Sturgis, who had told Lorenz that her mission was a CIA-backed operation, confirmed years later she had indeed been sent to Cuba with the poison. In an October 1960 memo, moreover, FBI Director Hoover warned the CIA that word had leaked of an impending operation to kill Castro, an operation that called for “a girl, not further described, to drop a ‘pill' in some drink or food of Castro's.”
9

The Lorenz fiasco, too, turns out to have a Nixon connection. CIA records released in 1994 include material on June Cobb, an American woman who had worked in Cuba alongside Lorenz and had known of the young woman's abortion. In the spring of 1960 a CIA agent induced Cobb to return to the United States, where she was questioned and then surveilled as she met and talked with people immersed in the Cuba intrigues. They included Marita Lorenz and Rorke, not long before Lorenz left on the murder mission to Havana. Related documents appear in the CIA file on William Pawley. The routing on another, dated a week after the CIA brought Cobb out of Cuba, shows that it originated in Nixon's office, on the desk of General Cushman.
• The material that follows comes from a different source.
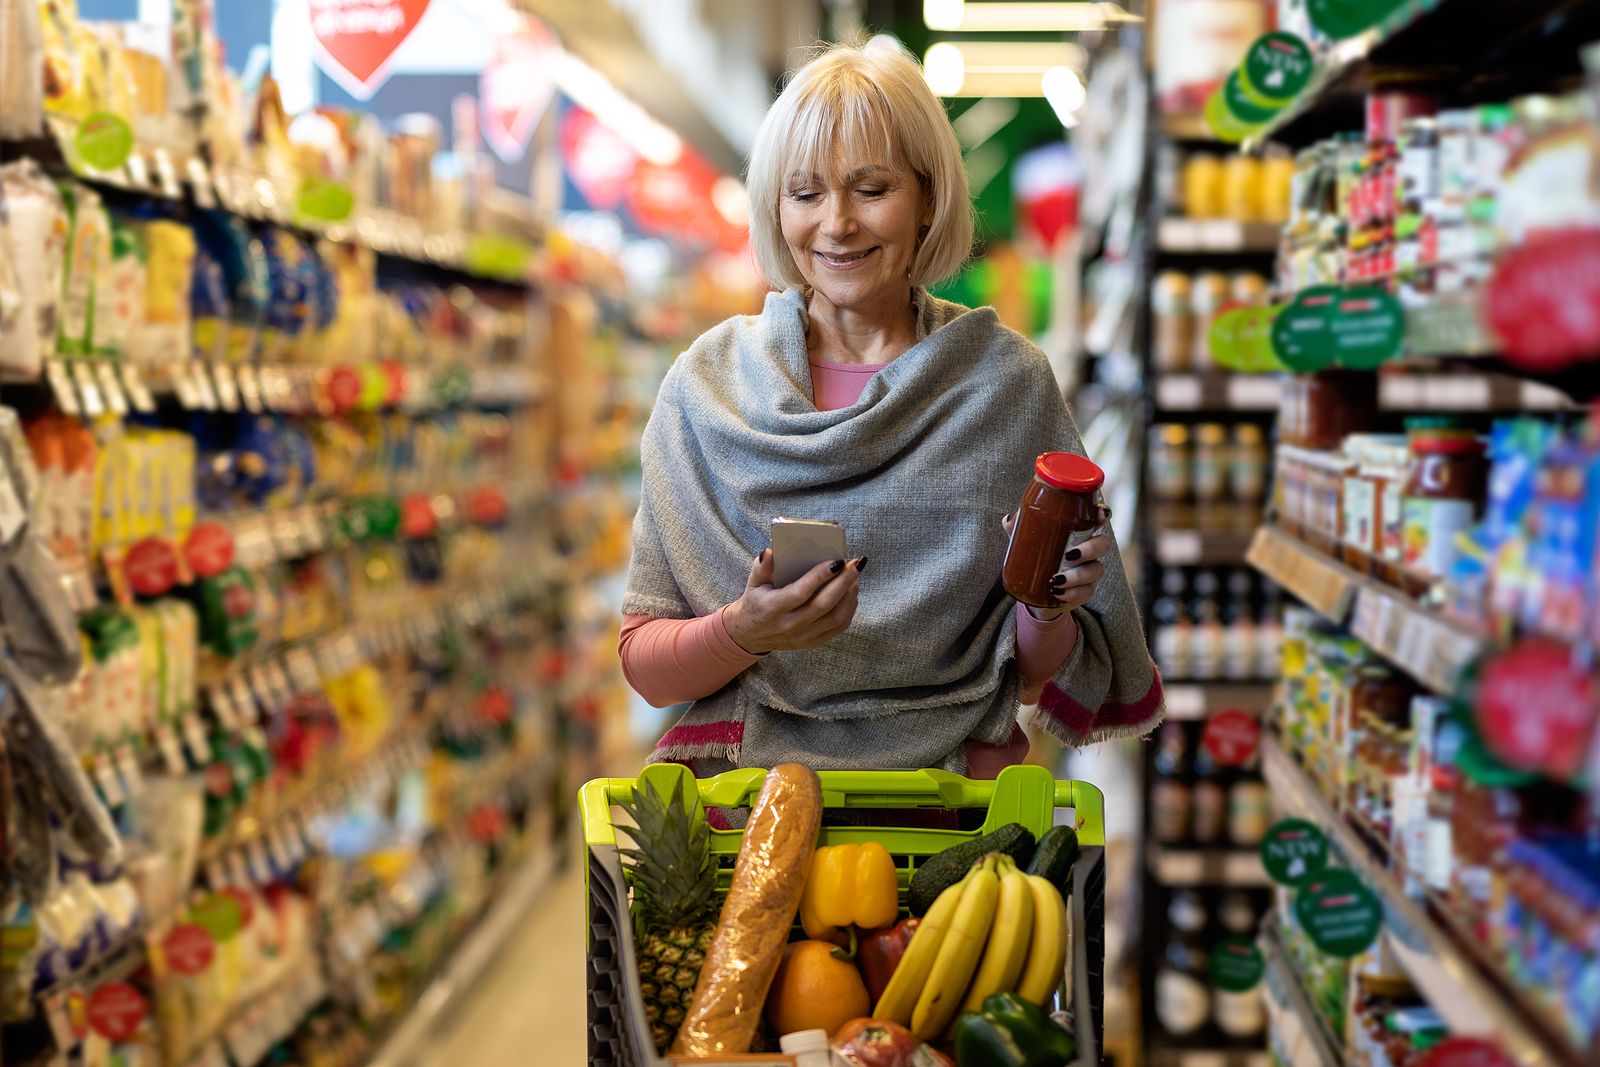 Estos son los supermercados que generan más emociones positivas entre sus clientes y los que menos

When she worked in Castro's office, Cobb had worked as assistant to its director, Juan Orta. Orta was to be the man at the heart of the next and best-documented of all the Castro murder intrigues, the CIA-Mafia plots.

In August 1960, as the Senate Intelligence Committee's probe established, the CIA began conspiring with U.S. Mafia bosses to murder Castro—with the knowledge and authorization of Director Dulles, according to two of the senior officials involved. The key contacts on the Mafia side, Sam Giancana of Chicago and Santo Trafficante of Florida, both had interests in Havana's gambling and crime rackets. The casinos in Cuba were still operating at that point, although under severe restrictions, and Trafficante regularly traveled to the island from Florida. After meeting with a senior CIA officer—Giancana introduced himself as Sam Gold and Trafficante as Joe, the courier—the mobsters agreed to try to locate someone in Castro's entourage to carry out the killing.
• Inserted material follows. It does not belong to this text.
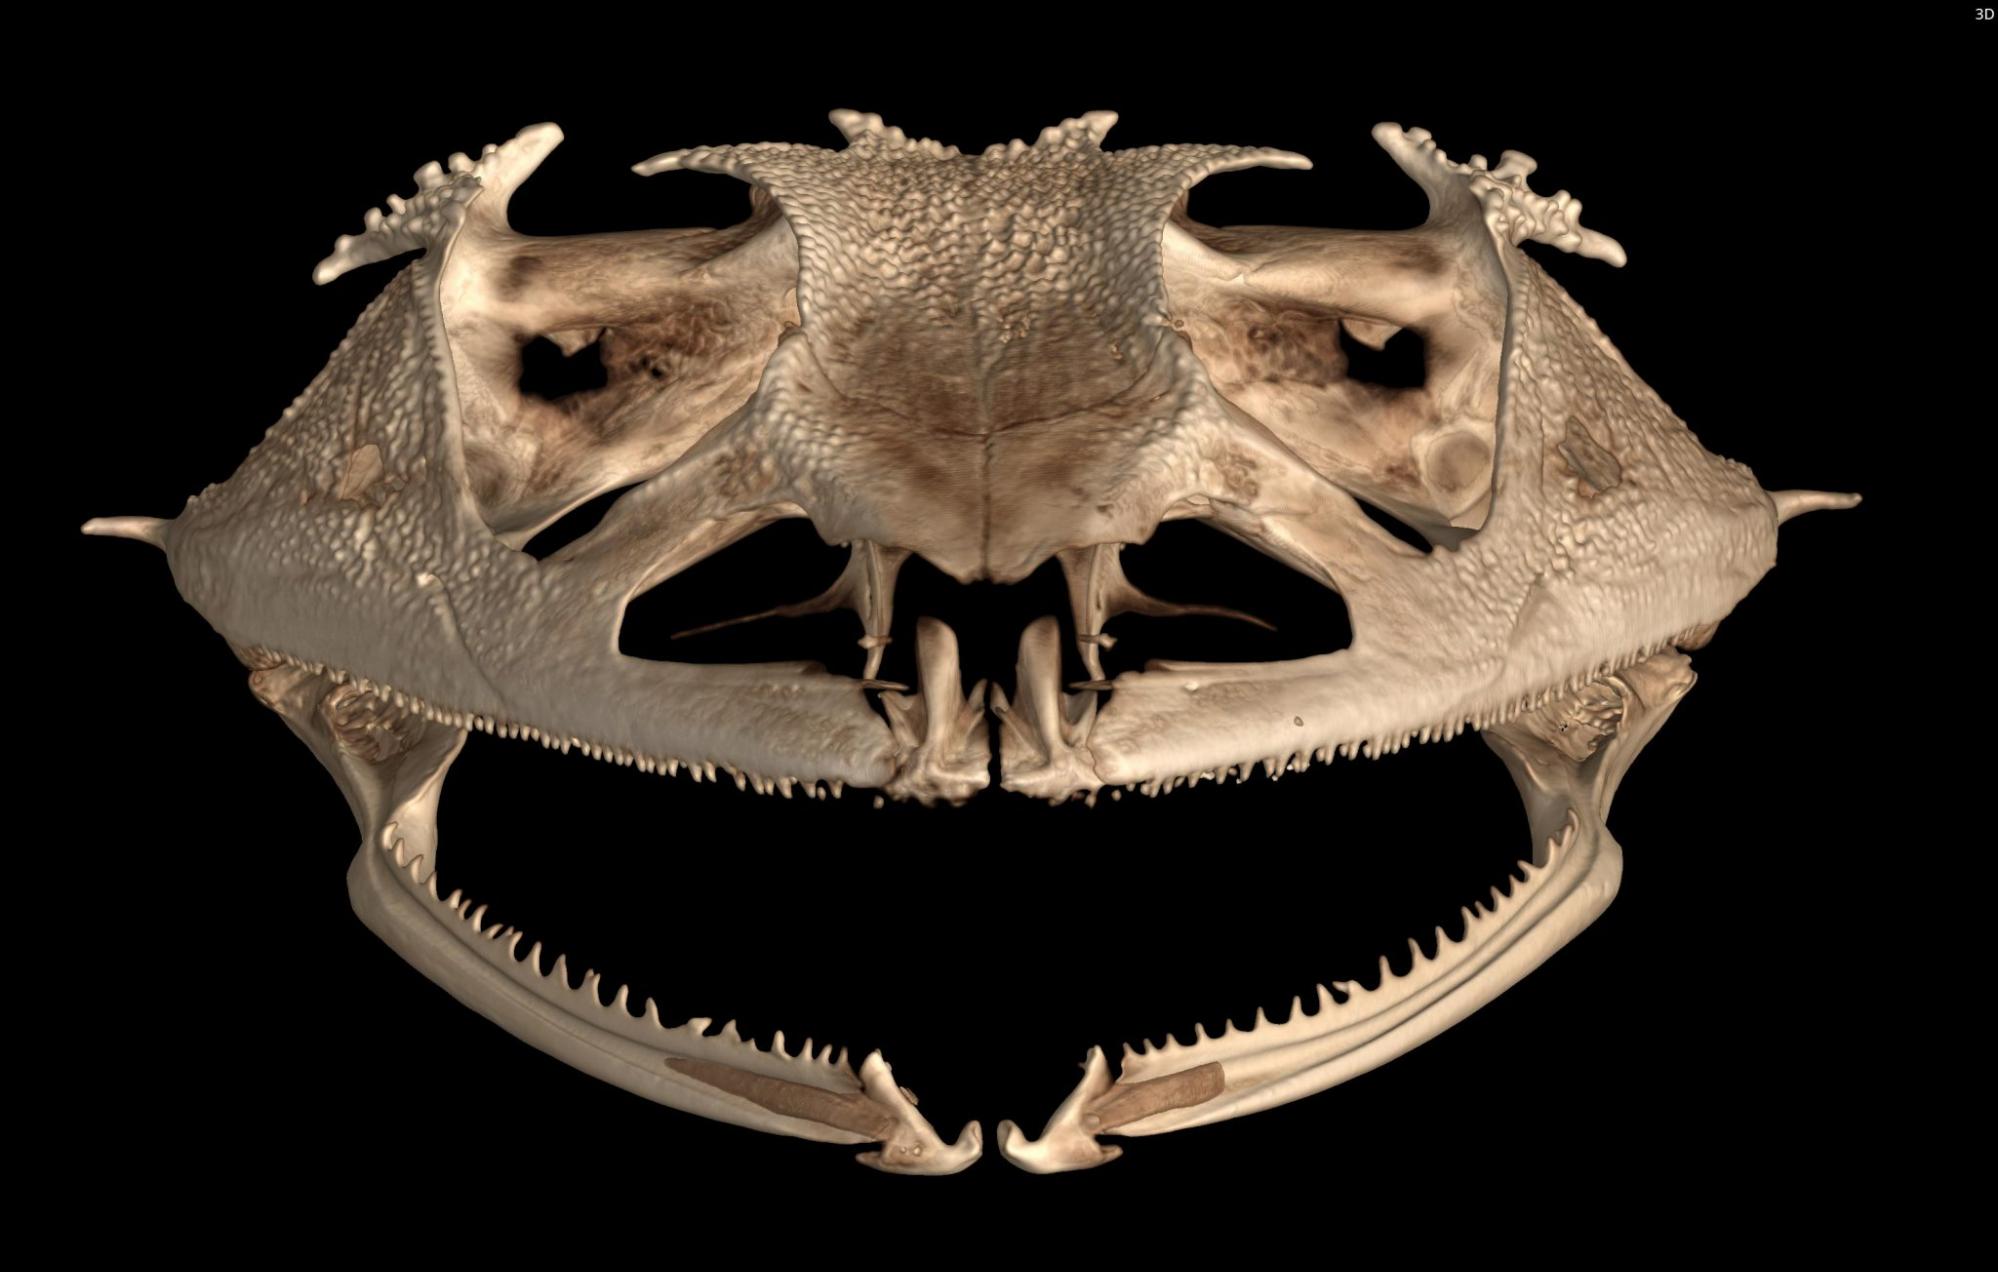 研究发现青蛙在进化过程中牙齿脱落超过20次 在几百万年重新进化出牙齿

CIA technicians worked to perfect the poison of choice—botulin again, this time in a form that would dissolve in a drink and produce a “firmly predictable end result.” The gangsters settled on Orta as the best candidate for the role of assassin. As head of Castro's office he had the necessary access, or so they believed, and he was known to be corruptible, having taken kickbacks
from casino bosses in the past. It was not until February 1961, early in the Kennedy presidency, that the pills would finally reach Orta, by which point he would have been fired.
10

Next, poison pills were supplied to Antonio de Varona, a former prime minister and now a key figure in the exile leadership, whose financial backers included Meyer Lansky and Santo Trafficante. Varona claimed to have a contact in a Havana restaurant that Castro frequented but—in another absurd setback for the plotters—the Cuban leader stopped eating there. As his long-term survival was to prove, Castro had a charmed life, and very good security. The CIA-Mafia plots would be revived the following year, but this was the last assassination conspiracy initiated while Nixon was vice president.
11

Varona consulted regularly with Howard Hunt, and both he and the CIA officer involved in the Mafia operations were in touch with William Pawley. Hunt and Pawley of course were regularly in contact with Nixon or his staff. Other clues, some tentative and some specific, also suggest a Nixon connection to the CIA-Mafia conspiracies.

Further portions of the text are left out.